While almost one in five (18 per cent) current smokers say they decided to quit smoking in response to advertising campaigns, 33 per cent say they actually light up in response to anti-smoking advertising and 29 per cent of smokers look the other way.

A nicotine substitute which is available online for only 12p could help triple a smokers' chance of quitting cigarettes, according to new research.

The trial, involving 740 people, showed that people using the drug "tabax" were 3.4 time mores likely to quit smoking than with a dummy or a placebo.

Experts believe the drug, which contains the active ingredient cytosine, could save the NHS millions of pounds a year.
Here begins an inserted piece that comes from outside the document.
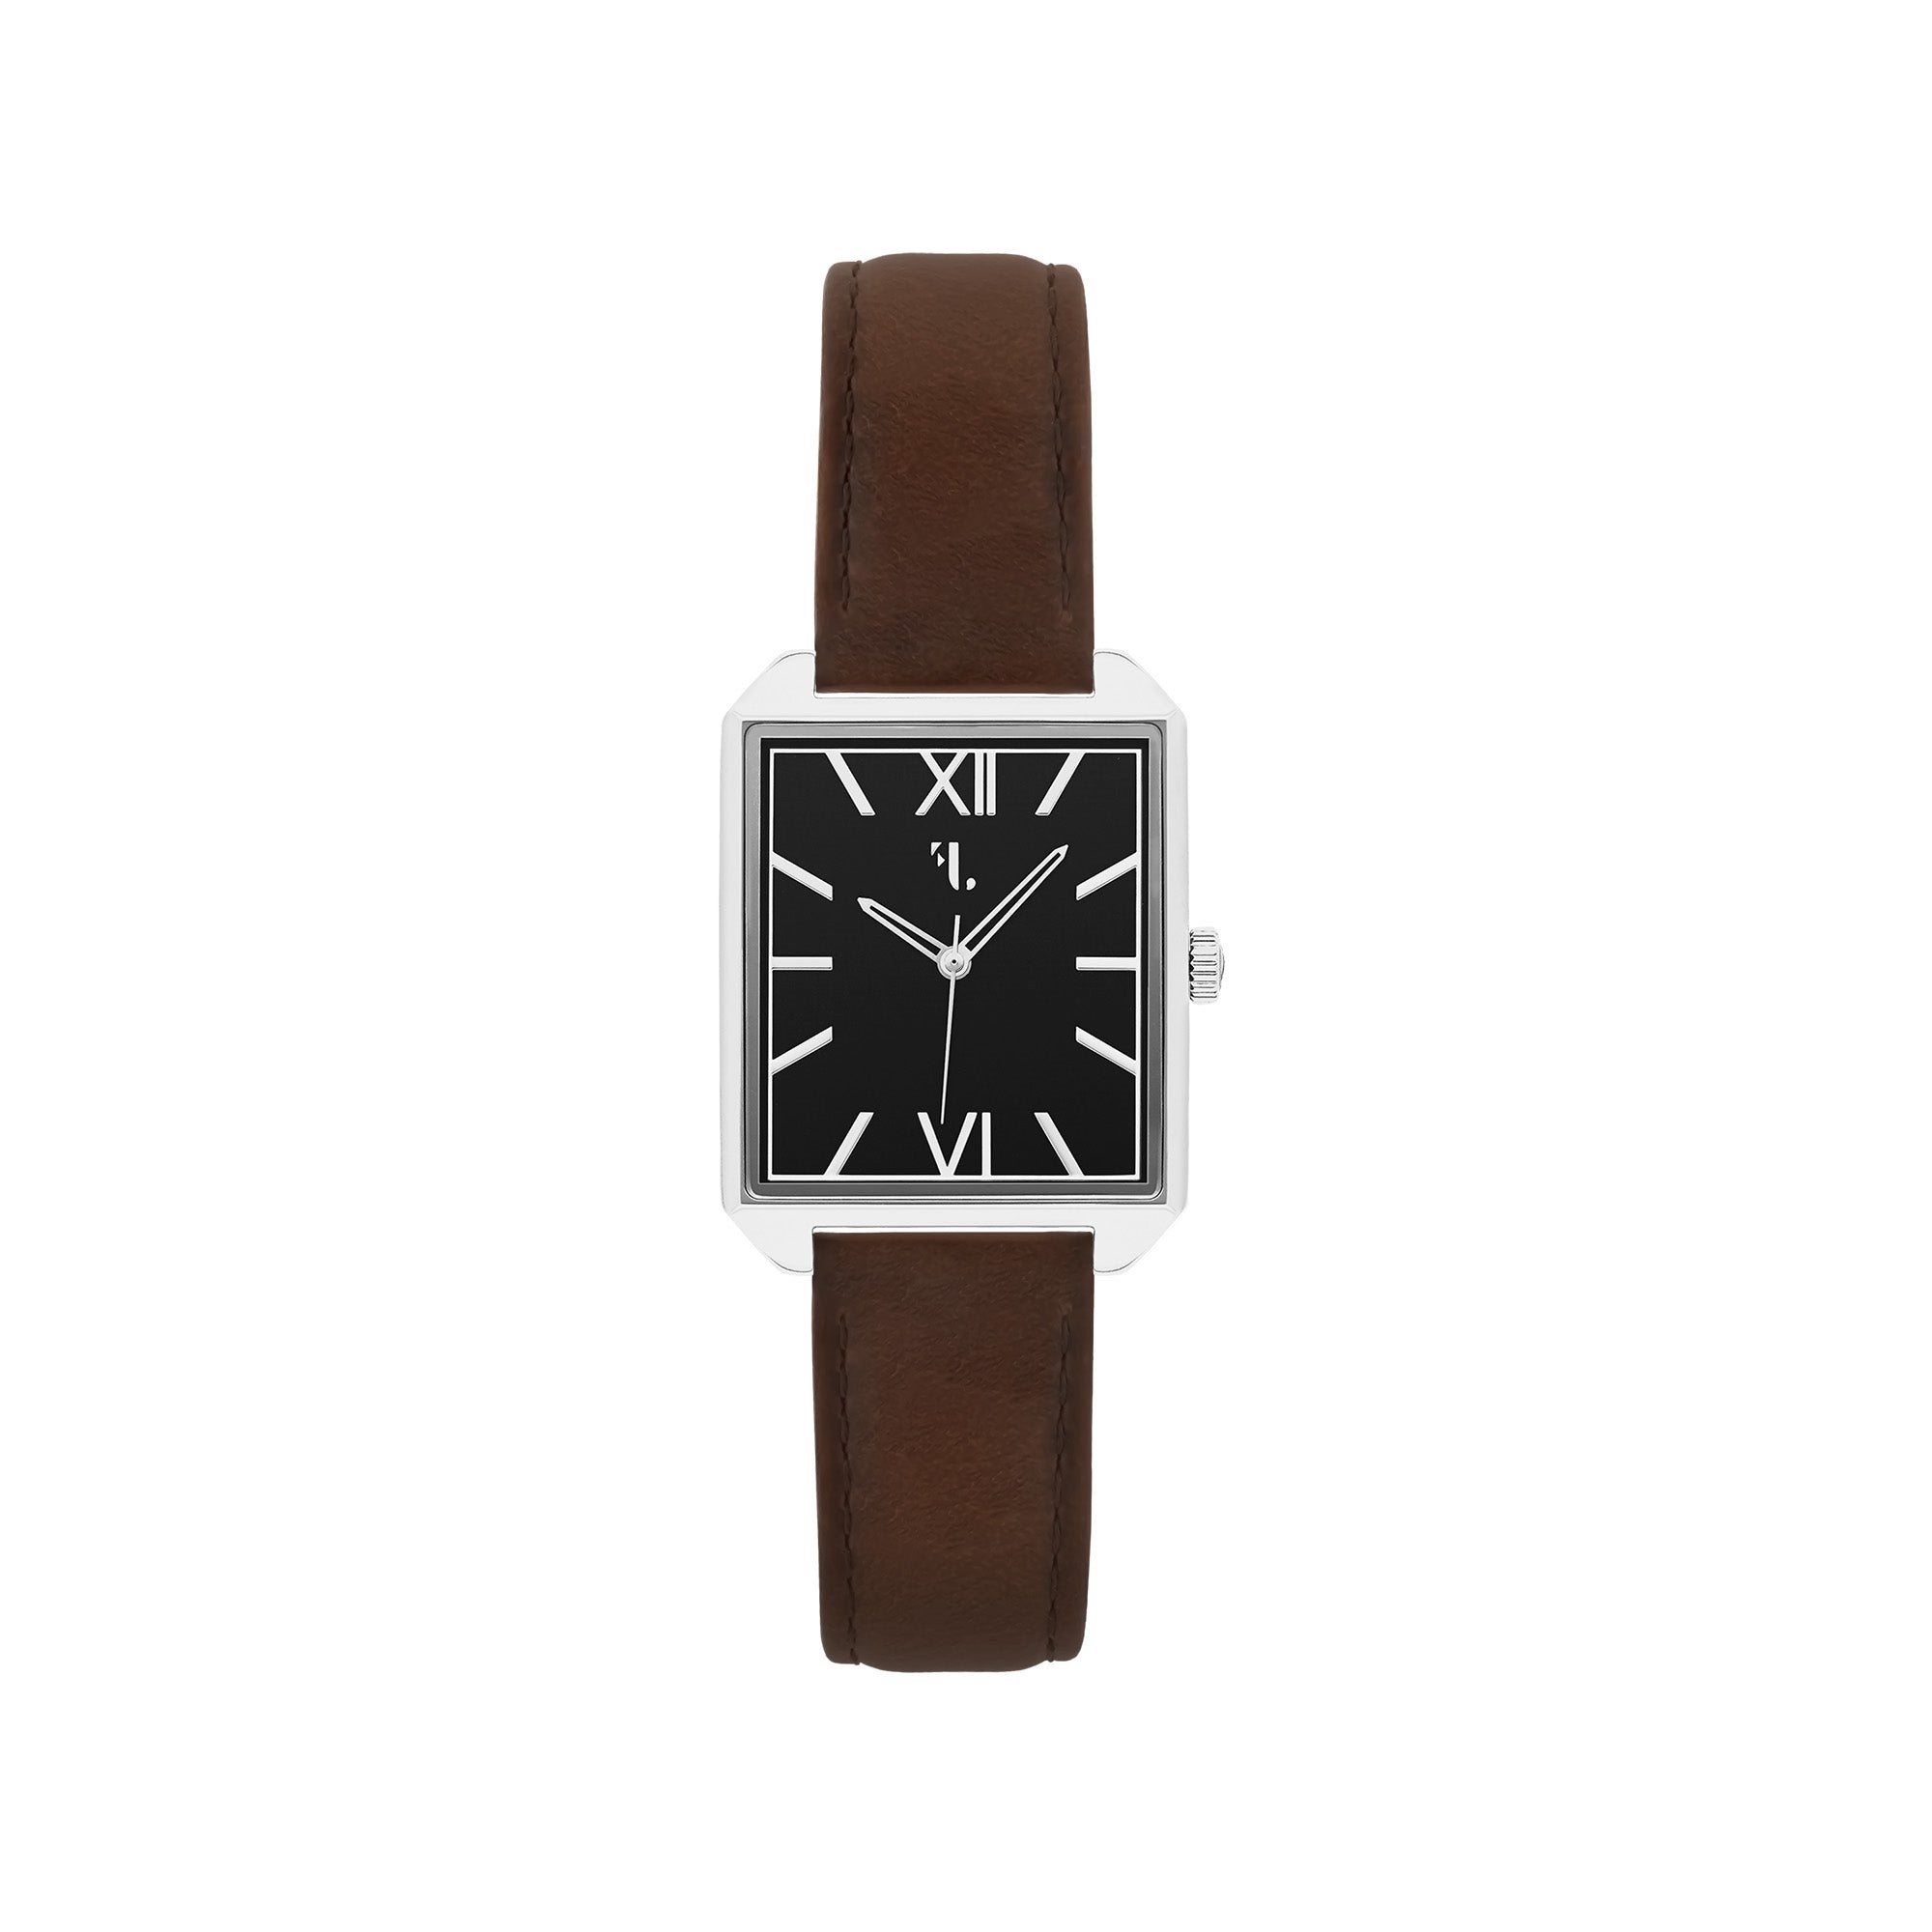 Discover a unique and modern men's watch from Five Jwlry designed in Montreal. This square-shaped watch with a sleek dial is accompanied by a brown leather strap. It is equipped with a silver case and hands with a black dial. It is designed with the greatest care with a quartz mechanism and it has a water resistance of 5ATM.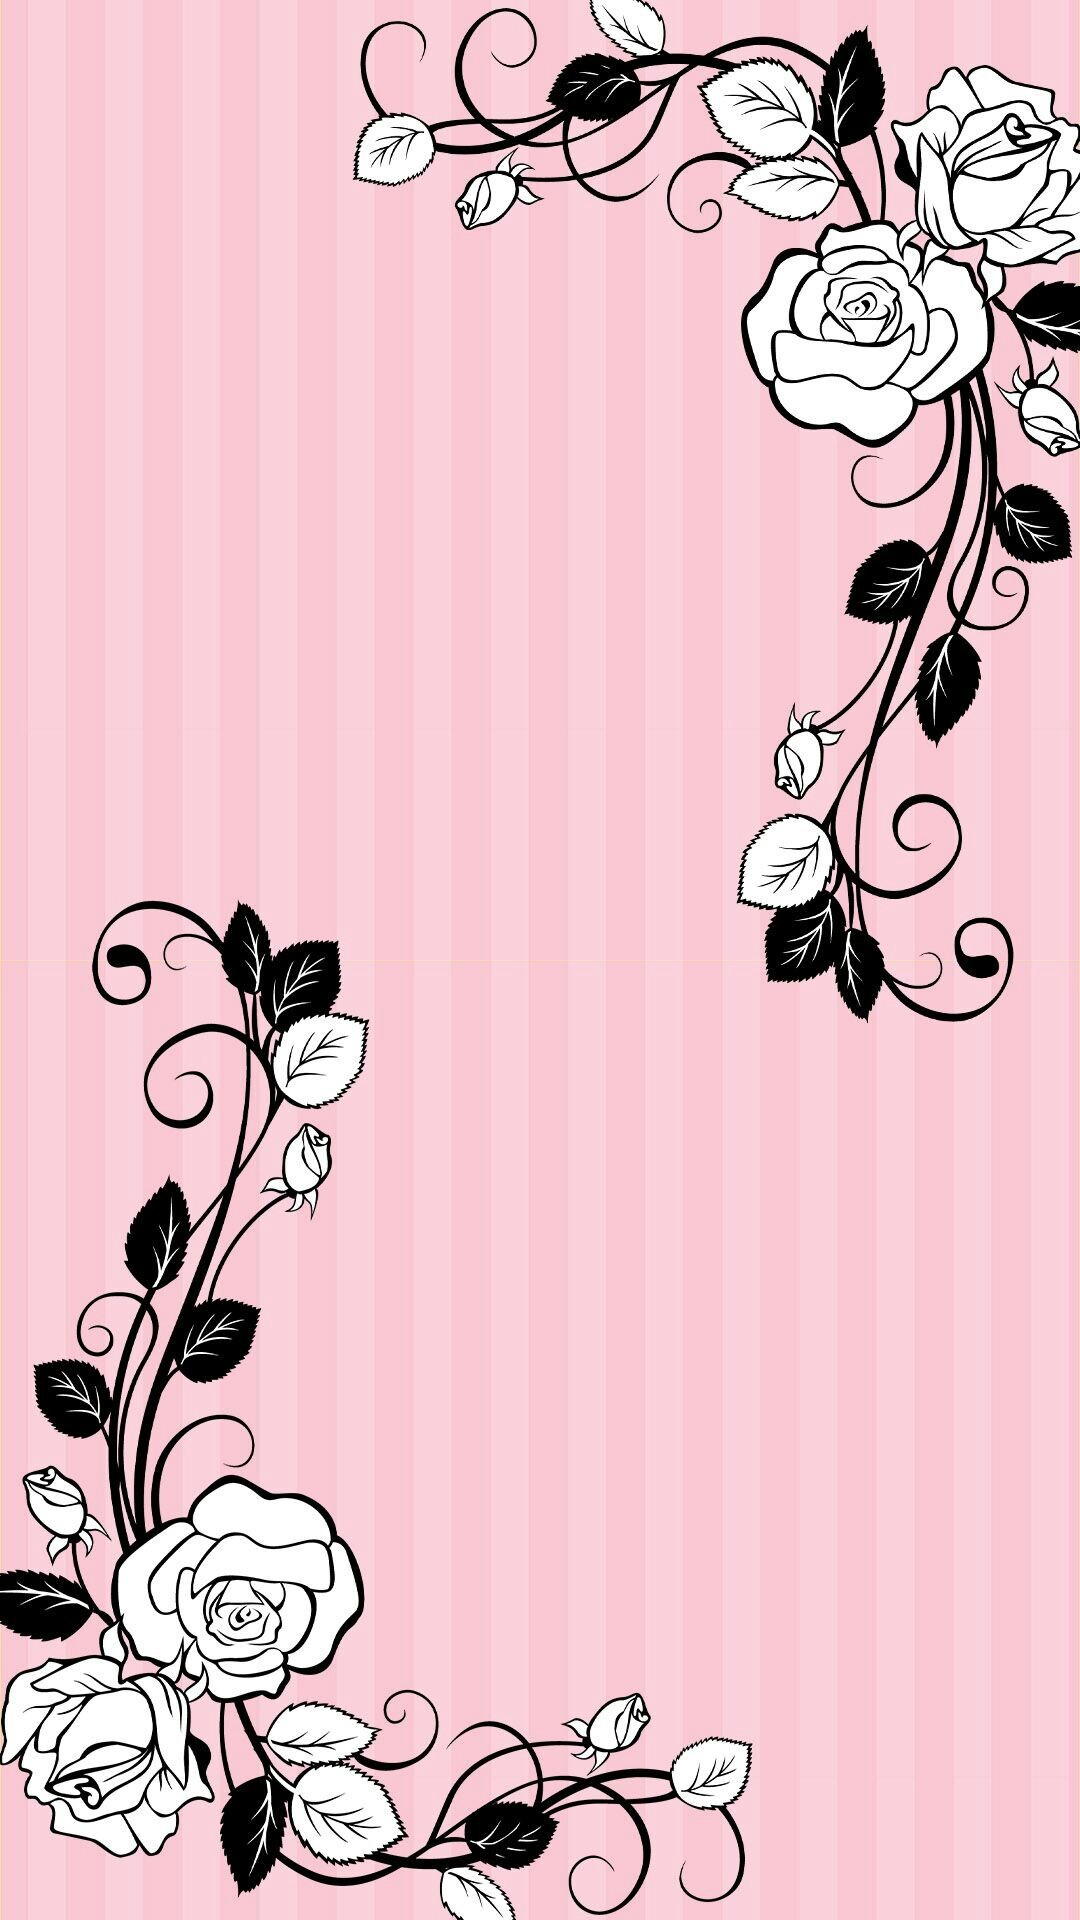 1080x1920 Photo Backgrounds, Wallpaper Backgrounds, Phone Wallpapers, Flowery  Wallpaper, Binder Covers, Paper Flowers, Hello Kitty, Gifs, Walls

But despite being available in Eastern Europe for the past 40 years, the pills are unlikely to be available on prescription on the NHS for another two or three years. It is feared that people will now instead buy poor quality counterfeit drugs online.

"It's been available in central and eastern Europe for more than 40 years, we have safety data on millions of people, and we know it's effective, but it's not licensed in Britain," said Professor Robert West, from the Cancer Research UK Health Behaviour Centre.

"People can make their own choices. A licence is not a licence to buy, it's a licence to market. There's nothing illegal about buying this drug online, but there's always the risk that you might not get what you expect."

Participants took between two and six Tabex pills per day for 25 days. After treatment, 8.4 per cent of those given the pills were able to quit smoking for a year compared to just 2.4 per cent of participants who were given a placebo.

Right now, the NHS prescribes "Champix" to people wanting to quit smoking, which costs up to £150 per week per 12-week course. It mimics nicotine's effects on the brain by stimulating the brain's reward pathways.